Students touring Saint Paul EcoDistrict

Central High School students take Clean Energy Field Trip to Saint Paul EcoDistrict

On April 9th, 85 environmental studies students from Saint Paul’s Central High School headed to downtown Saint Paul for a special day-long tour. The tour took the students through the new Saint Paul EcoDistrict: the Science Museum of Minnesota, the RiverCentre parking ramp, inside and on top of the RiverCentre and the Saint Paul District Energy plant.

Saint Paul EcoDistrict The Central High School Clean Energy Field trip came about after Lisa Houdek, a science teacher at Central High School, approached the Metro region of the Clean Energy Resource Teams (Metro CERT), a program of the Great Plains Institute, for help in setting up a field trip for her Environmental Studies classes. Houdek teaches about clean energy technologies and sustainability, and wanted her students to be able to see projects being deployed in their own community. Through the Clean Energy Accelerator, Patrick Mathwig from Metro CERT worked with Houdek to establish her goals and get started. Mathwig convened representatives from the Minnesota Science Museum, District Energy, the Saint Paul RiverCentre and the City of Saint Paul. Together, the group developed the tour that would show the students a variety of clean energy technologies already being deployed just a few miles away in downtown Saint Paul.

Solar Thermal on RiverCentre Parking Ramp To kick the day off, the students heard from Saint Paul’s mayor, Chris Coleman, who spoke to the city’s achievements and the importance of cities taking a leading role in clean energy implementation. Then the tour got underway and started where anyone interested in clean energy should start – energy efficiency. Two stops highlighted the importance of this fact, the Science Museum and the RiverCentre parking ramp. In the Science Museum, staff had installed an advanced heat recovery system that captures the building’s waste heat and, instead of venting it out of the building, uses it to heat the building during cold weather, covering up to 100% of heating needs even down to single digits Fahrenheit.
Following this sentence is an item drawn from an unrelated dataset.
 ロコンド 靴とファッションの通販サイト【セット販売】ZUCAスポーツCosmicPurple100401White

To become more energy efficient as well as safer and more attractive, the RiverCentre parking ramp replaced high pressure sodium lights with florescent lighting, reducing energy usage by 47%. At both of these stops the students also learned about solar photovoltaics (PV). The Science Museum has a 10 kilowatt solar array and the parking ramp has an 83 kilowatt solar array. These arrays supplement the buildings’ electric use and in the case of the parking ramp, powers a row of electric vehicle chargers.
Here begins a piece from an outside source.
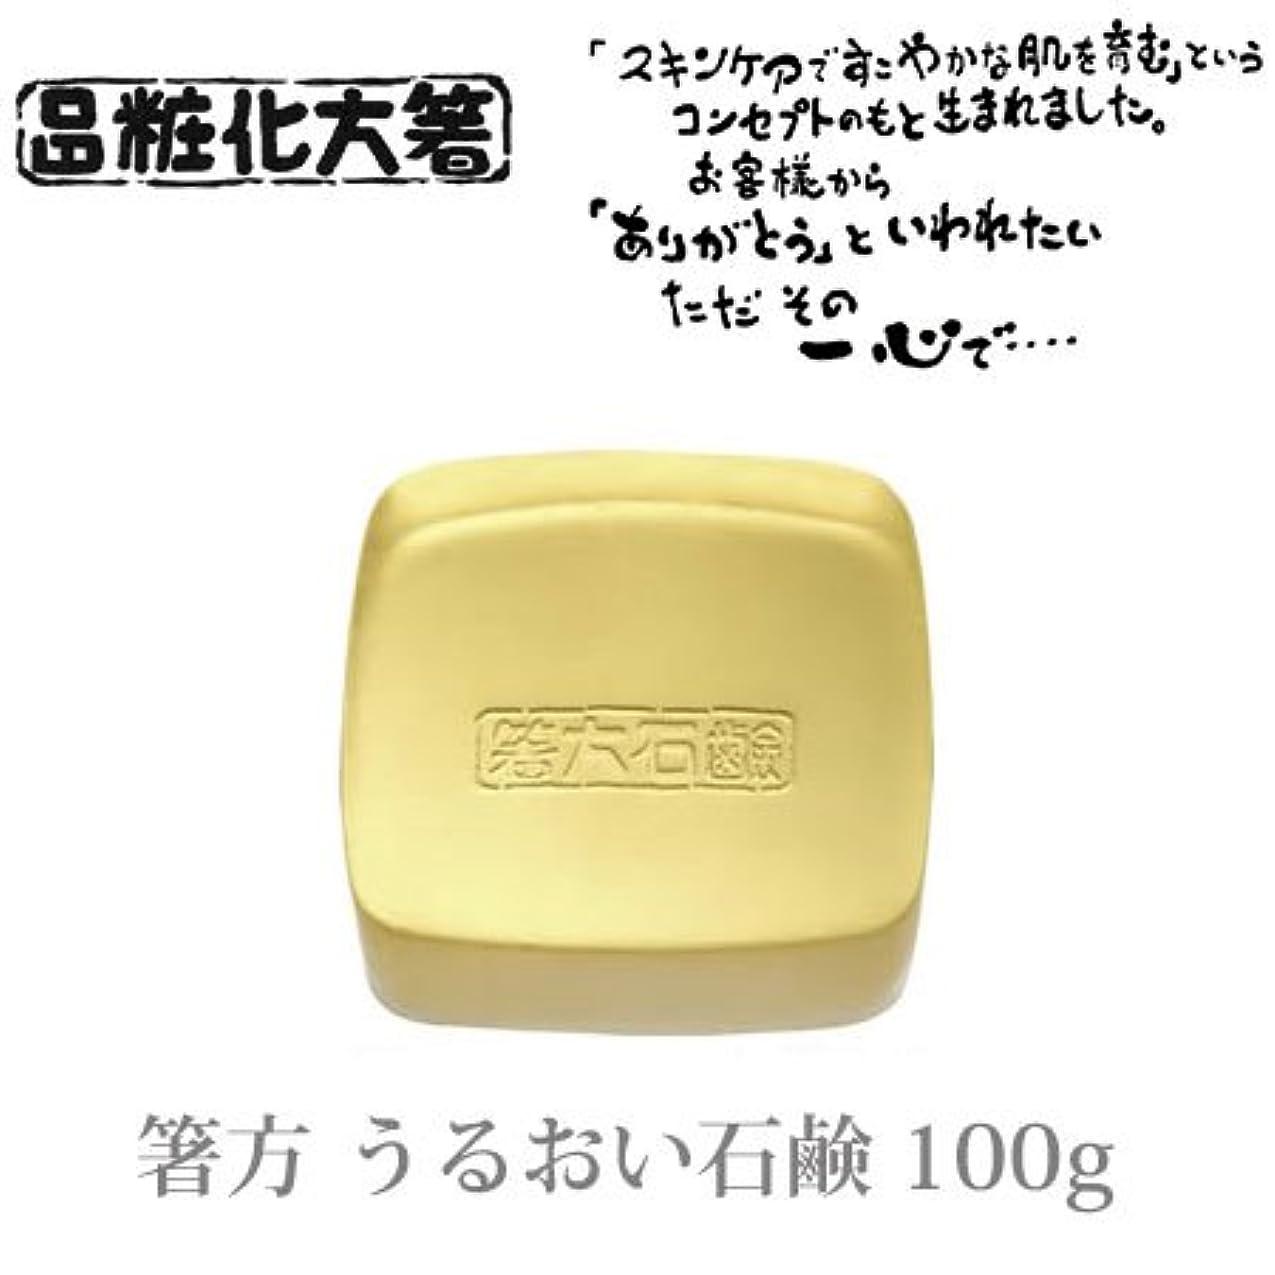 驚わずかに事件、出来事箸方化粧品 うるおい石鹸 100g はしかた化粧品

Biomass Combined Heat and Power at District Energy The next stop on the tour brought the students to the Saint Paul District Energy Plant. District Energy is a combined heat and power plant, meaning it provides heating and cooling as well as electricity for downtown Saint Paul. The plant is fueled by biomass, natural gas, and coal. Rather than having all of the large buildings in Saint Paul heat and cool their spaces with their own smaller boilers and air conditioners, the District Energy plant does it for them on a large scale. The plant is much more efficient than all of the individual heating and cooling units on the individual buildings would be, and keeps maintenance centralized at one location. Other than biomass, the plant taps into another renewable heating source—the sun. On the roof of the RiverCentre there is a 144 cell solar thermal array that the students toured. The array can produce up to 1.2 megawatts of heat, which is used in the RiverCentre. Any extra heat is sent into the district heating system to be used in other buildings.
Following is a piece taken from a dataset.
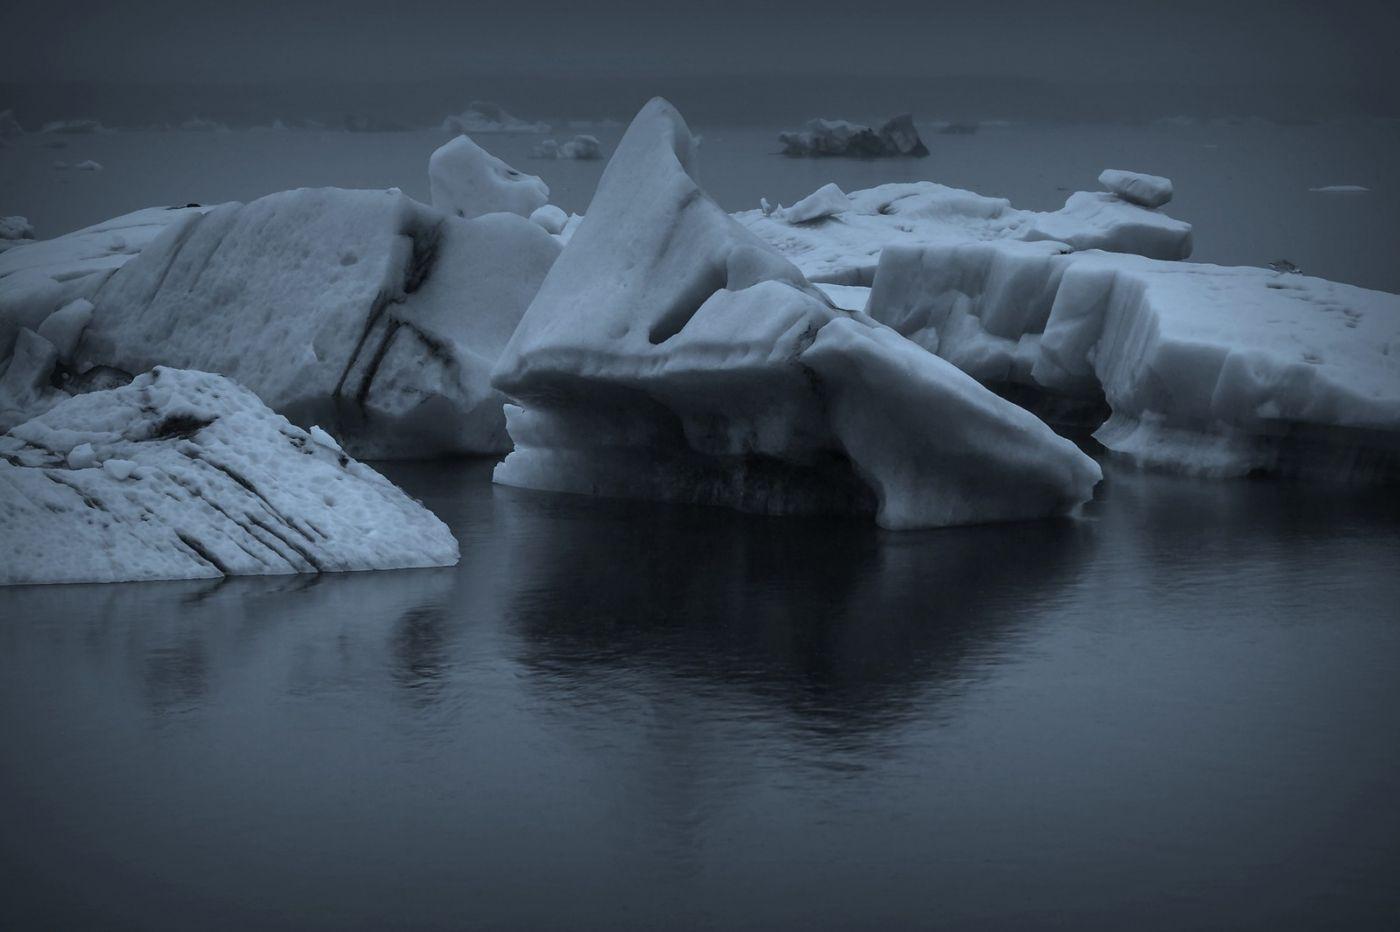 冰岛冰川泻湖(Glacier Lagoon), 湖面上冰川_图1-11

Heat Recovery at Science Museum of Minnesota Using clean energy to heat and power efficient buildings goes a long way, but to be truly sustainable it is paramount to have a well organized waste system. In the final stop, the students saw the great work that has been done to make the RiverCentre, the Xcel Energy Center and the Roy Wilkins Auditorium leaders in sustainability. These facilities overhauled their waste collection system by adding composting, deploying color coded waste stations throughout their facilities and by updating their buying practices so food containers and other materials could either be composted or recycled. Within the first year, their recycling rate increased from 15% to 40% and the amount of trash was cut in half. Along with the amazing overhaul of their waste system they did a number of other upgrades earning not one, but three sustainability awards! LEED for existing buildings, Green Globes and APEX/ASTM.

The students came away from the field trip with a lot of new knowledge and were very impressed with the passion of their tour guides and presenters. This was apparent at the end of the day when the students had a chance to pose questions to some of the tour partners: Pat Hamilton from the Science Museum, Nina Axelson from District Energy and Anne Hunt from the City of Saint Paul. They asked many questions, but were most interested in the presenters’ backgrounds and their paths to their current jobs.

The goal of the Clean Energy Field Trip was to engage students with examples of clean energy and sustainability in their home town. It appears that goal was successfully met. When asked in a survey if they would participate in this tour again one student said, “Yes, because I like hearing directly from change makers. Trips like these put into perspective how things work in real life.”